224. Appleton, “Of Incompetency,” 290.

225. “An Atheist,” Boston Recorder, July 3, 1835, 107. This argument was common. See, for example, D. Pickering, “Reply to Mr. Cowell's ‘Card,’” Providence Patriot, December 1, 1827, 2 (“An Atheist cannot swear by the Deity, because he does not believe in his existence; yet he may affirm, and his evidence appreciated according to his weight of character for truth and veracity”); “Testimony of Universalists,” Western Recorder (Utica, NY), July 6, 1830, 1 (asserting that “administering of oaths” to atheists and Universalists is “mere mockery,” but arguing that “every man, who passes among his neighbours as a man of truth,” should be allowed to “tell his story, and let the jury value it at what [it] is worth”); Bolles, “Qualifications of Witnesses,” 484 (“Now if an affirmation is as efficacious as an oath, in any case, why not adopt it universally?”); Public Ledger (Philadelphia), February 2, 1837, 2 (“The best rule would be to put no questions about religious belief, but to dispense with oaths where witnesses require it, to hold them under the penalties of perjury, and to increase the severity of these penalties”); and “Religious Test for Oaths,” Universalist Watchman, Repository and Chronicle (Montpelier, VT), November 15, 1845, 5 (“To us, it appears worse that useless, for an atheist … to swear by a God whose very existence he disbelieves… . We would have every individual allowed to testify in our courts under the pains and penalties of perjury, … and let the jury judge of the probability of his story and take into consider his general character as a religious and moral man”).
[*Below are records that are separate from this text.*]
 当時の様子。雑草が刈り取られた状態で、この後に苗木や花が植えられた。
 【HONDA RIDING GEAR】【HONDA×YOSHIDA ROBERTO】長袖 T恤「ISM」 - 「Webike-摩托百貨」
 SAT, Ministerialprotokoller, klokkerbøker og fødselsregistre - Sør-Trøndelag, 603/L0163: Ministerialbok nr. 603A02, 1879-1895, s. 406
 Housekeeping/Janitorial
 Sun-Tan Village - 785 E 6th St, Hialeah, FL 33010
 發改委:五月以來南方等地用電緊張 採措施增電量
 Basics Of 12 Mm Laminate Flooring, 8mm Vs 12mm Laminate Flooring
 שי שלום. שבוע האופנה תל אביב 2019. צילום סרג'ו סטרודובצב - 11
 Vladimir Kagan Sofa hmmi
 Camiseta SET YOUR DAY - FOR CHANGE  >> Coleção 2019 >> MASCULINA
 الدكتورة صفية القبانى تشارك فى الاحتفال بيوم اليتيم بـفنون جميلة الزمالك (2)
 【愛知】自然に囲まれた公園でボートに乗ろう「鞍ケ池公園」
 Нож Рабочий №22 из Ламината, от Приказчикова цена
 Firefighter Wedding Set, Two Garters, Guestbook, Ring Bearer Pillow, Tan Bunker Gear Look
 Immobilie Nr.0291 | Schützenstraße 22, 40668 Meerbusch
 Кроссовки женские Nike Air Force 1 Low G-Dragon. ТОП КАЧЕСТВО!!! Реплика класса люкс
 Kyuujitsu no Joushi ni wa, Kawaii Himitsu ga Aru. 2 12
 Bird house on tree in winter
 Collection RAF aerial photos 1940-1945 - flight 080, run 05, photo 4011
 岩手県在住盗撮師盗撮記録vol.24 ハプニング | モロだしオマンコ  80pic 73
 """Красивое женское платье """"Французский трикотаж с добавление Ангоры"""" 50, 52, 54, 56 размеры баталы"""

226. In most states, credibility evidence regarding religious beliefs was still proved by other witnesses, not the witness whose religious beliefs were at issue. But see Stanbro v. Hopkins, 28 Barb. 265, 269 (N.Y. 1858).

227. See note 132.

228. In 1829, reformers in the Connecticut House of Representatives proposed a measure stating that “no person's religious belief shall affect his admissibility to an oath, or his credibility as a witness.” See note 176. The final bill allowed credibility assessments. See note 185. Reformers in New York proposed a sweeping bill that would have precluded any testimony—including credibility evidence—respecting a witness's religious beliefs or lack thereof. “An Act Relative to the Competency of Witnesses,” in Fillmore, “An Examination of the Question,” 71. The primary sponsor of this bill apparently continued to introduce it annually without success. “Sketch of the Remarks of Mr. C. Rogers of Washington County, in Committee of the Whole, on the Bill Introduced by Mr. Herttell in Relation to the Rights and Competency of Witnesses,” Albany Evening Journal, March 30, 1837, 2.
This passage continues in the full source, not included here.